Data:
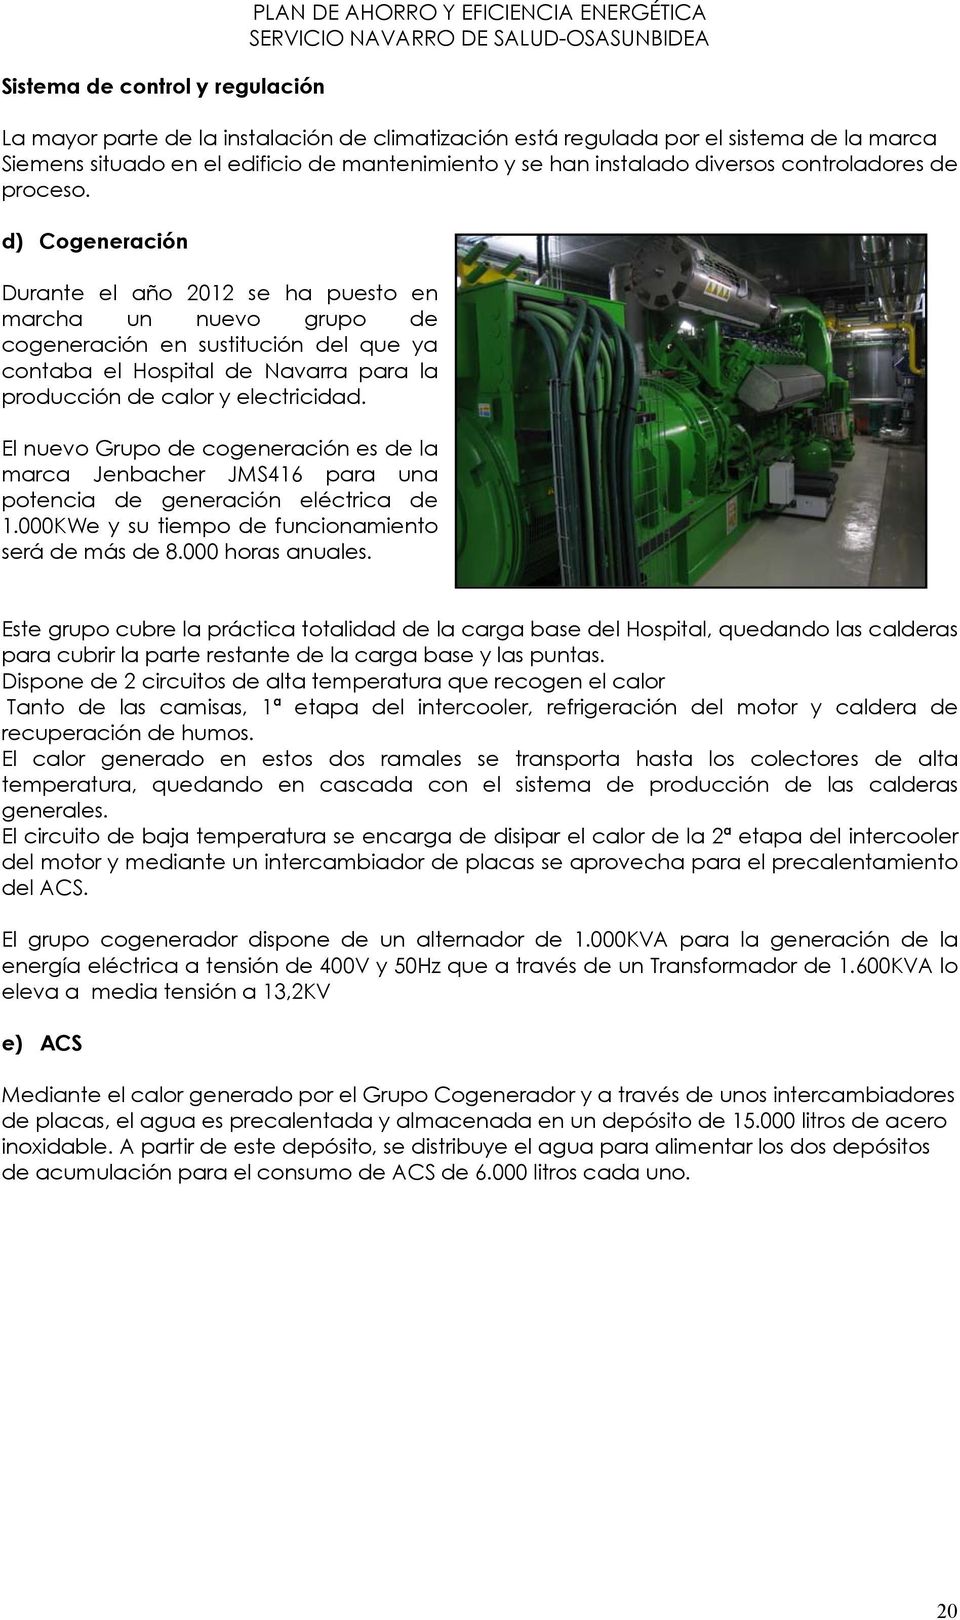 d) Cogeneración Durante el año 2012 se ha puesto en marcha un nuevo grupo de cogeneración en sustitución del que ya contaba el Hospital de Navarra para la producción de calor y electricidad.
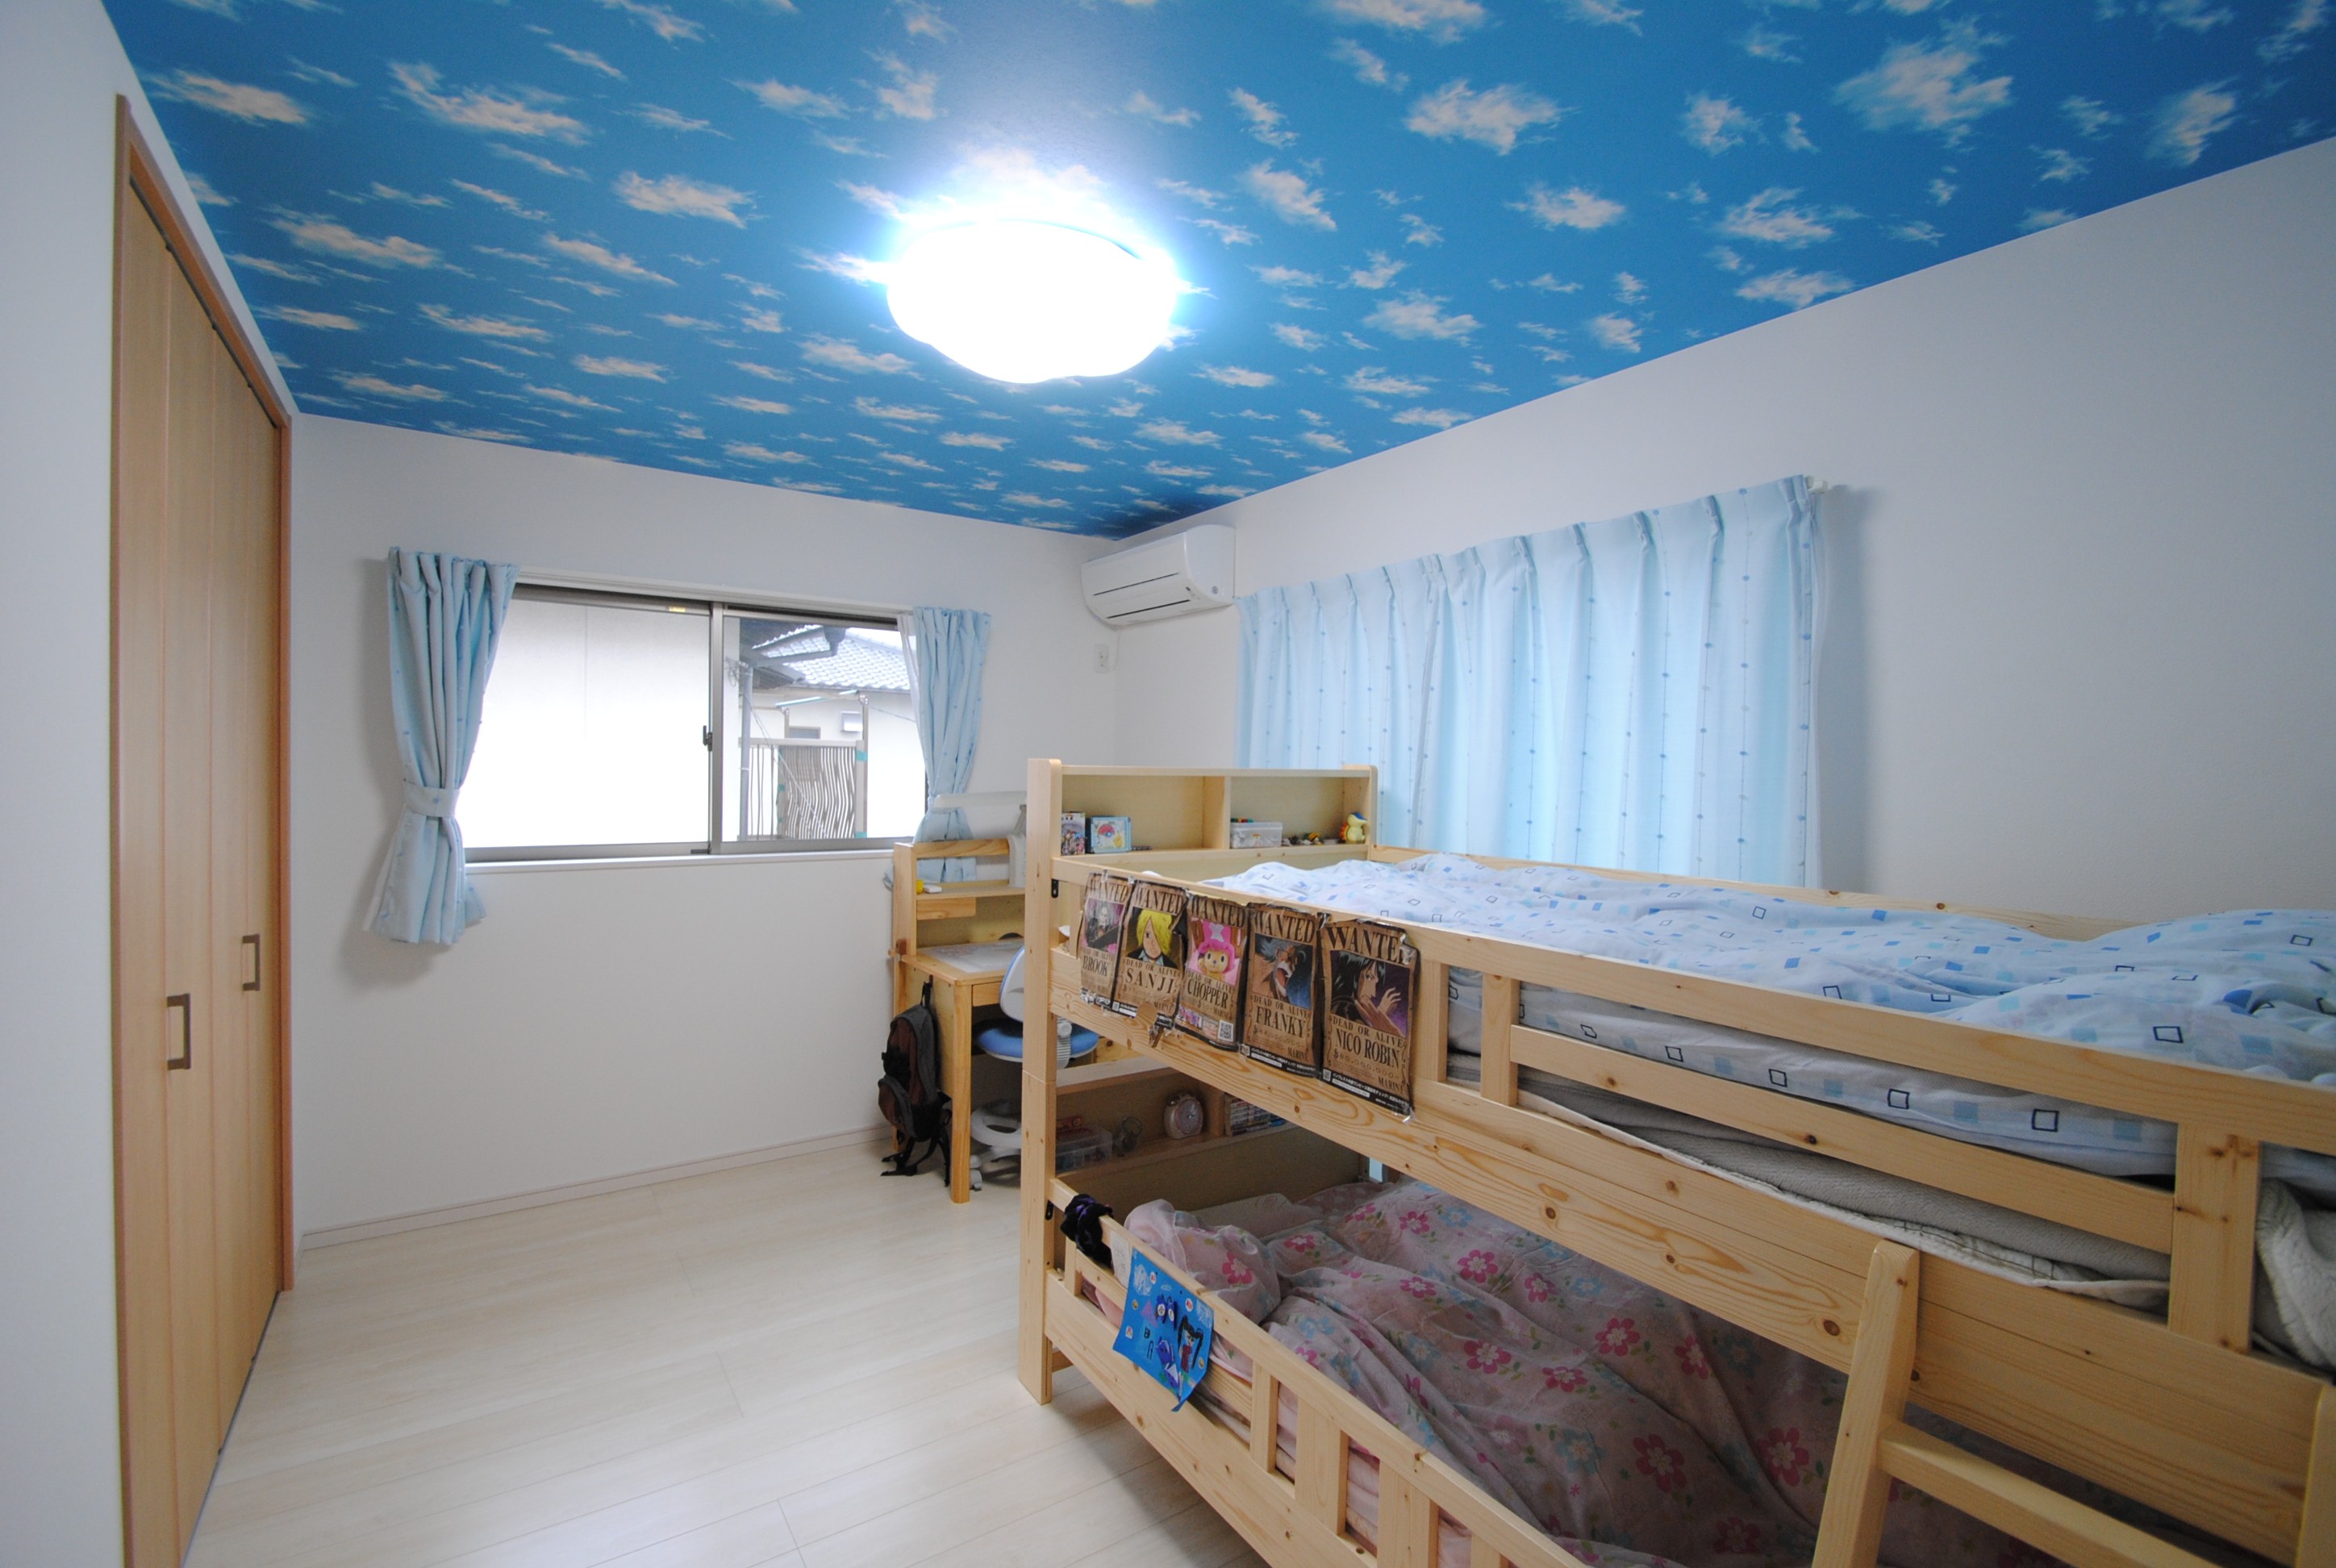 子ども部屋は元気がでる明るいトーンに。空色の天井も子どもの創造力を伸ばしそうだ
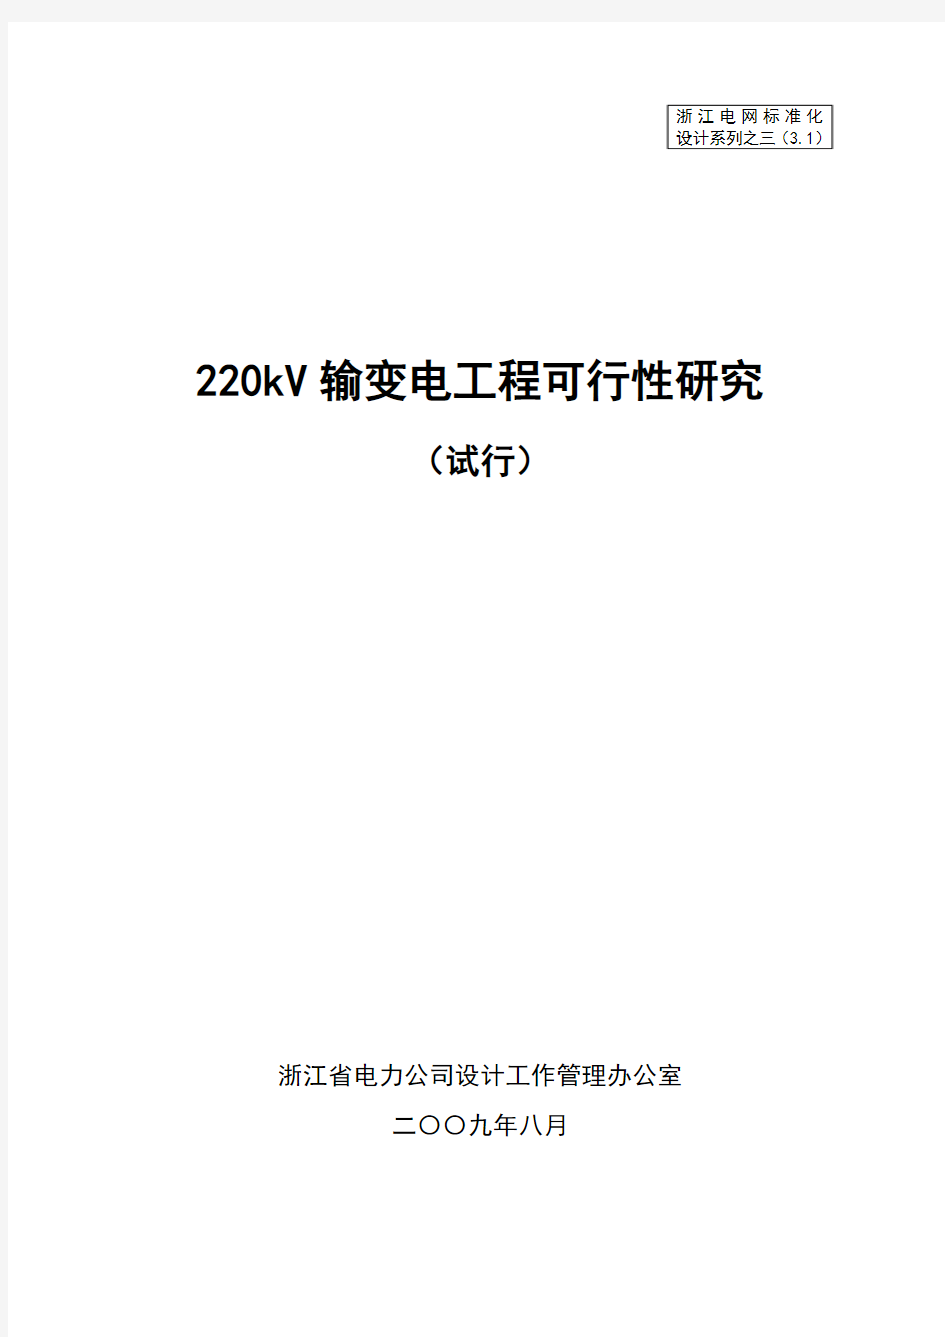 220kV输变电工程可行性研究标准化设计(试行)

Work item: The response consists of the data above printed line for line, with no pictures.

Your solution:
 d) Cogeneración Durante el año 2012 se ha puesto en marcha un nuevo grupo de cogeneración en sustitución del que ya contaba el Hospital de Navarra para la producción de calor y electricidad.
 子ども部屋は元気がでる明るいトーンに。空色の天井も子どもの創造力を伸ばしそうだ
 220kV输变电工程可行性研究标准化设计(试行)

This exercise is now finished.